Bitcoin has recorded three halving since its existence, the first one was on January 3 2009 when the mining reward was at 50 BTC with a block height of one Genesis.
The schedule for halving is programmed to take place after every 210,000 total active blocks have been created and it usually takes place after every four years.
This schedule or predetermined timing can change anytime because halving occurs only when the numbers of required blocks are created and it can only be met based on how fast miners can merge their mathematical puzzles to get a hash for the new block.
Bitcoin mechanism or algorithm has been built to create new blocks every 10 mins when miners solve the number puzzle, but due to the congested network and more hash rate the time of solving puzzles increases and decreases. It's now roughly estimated to be 9.5 minutes.
Looking at the past schedule, it is now taking about just 3 to 4 months or less than the four-year halving that has been forecasted to complete 210,000 blocks. And the last halving was on 2020 May 11, 2020
7:23:43 PM GMT with a block height of 630,00 and a mining reward of 6.25 BTC.
When is the next Bitcoin halving?
The next Bitcoin halving is said to occur again around May 4 or 5, 2024 with a 3.125BTC mining reward, experts predicted. A total of 840,000 blocks is expected to be created on the Bitcoin blockchain which is a multiple of 4 of the required numbers. And with the current number of active blocks which is close to the required number for halving to occur.
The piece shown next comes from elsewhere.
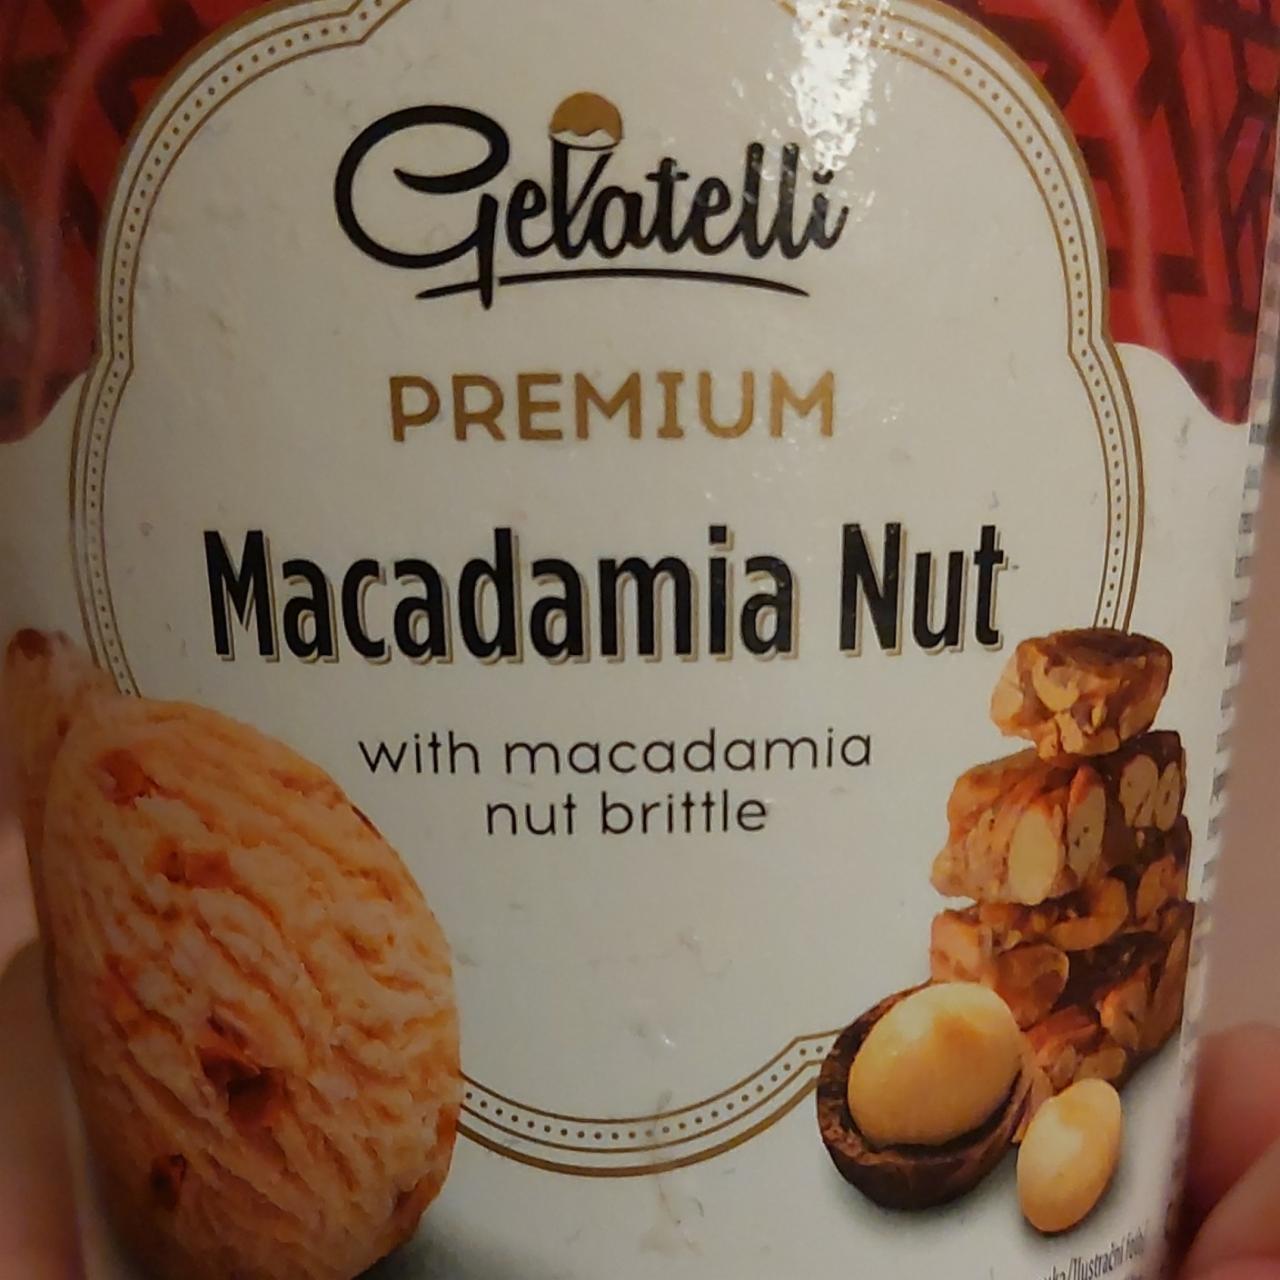 Fotografie - Premium Macadamia Nut with macadamia nut brittle Gelatelli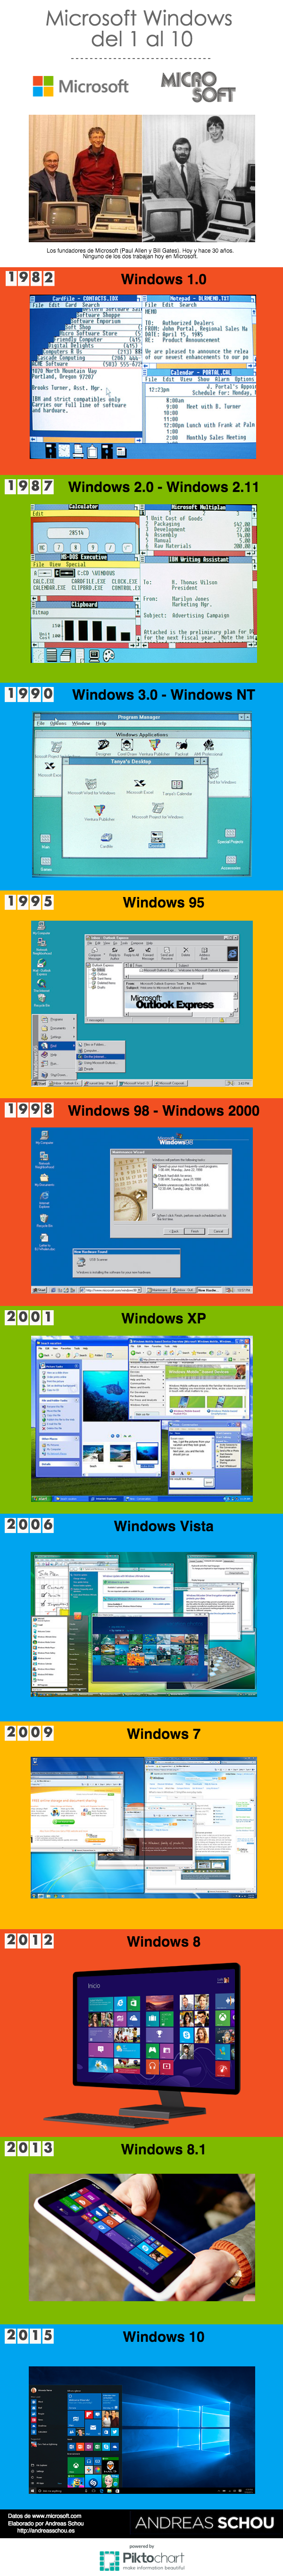 Evolucion de microsoft windows del 1 al 10

It's a very key point to note that halving only occurs after a certain number of bitcoins have been mined, it has no specific schedule, and it's determined by how fast miners are. The predicted dates are just estimated based on fore occurrence but with the mass adoption of Blockchain which has now brought many more miners, it's likely for the predictions to change soon.
Investors and potential buyers might be in doubt about whether they should purchase at that time or now. Making fast decisions is up to the investors and also how you can stake. But deciding based on the predicted might be the wrong way because halving might be sooner than expected without us knowing.
But that doesn't mean to be a loss when buying at the halving season or staking into it. It's also an advantage because the price will increase and scarcity will be proportional at the beginning of it. So selling at that time of scarcity, high demand and price increase will bring you a high return on investment.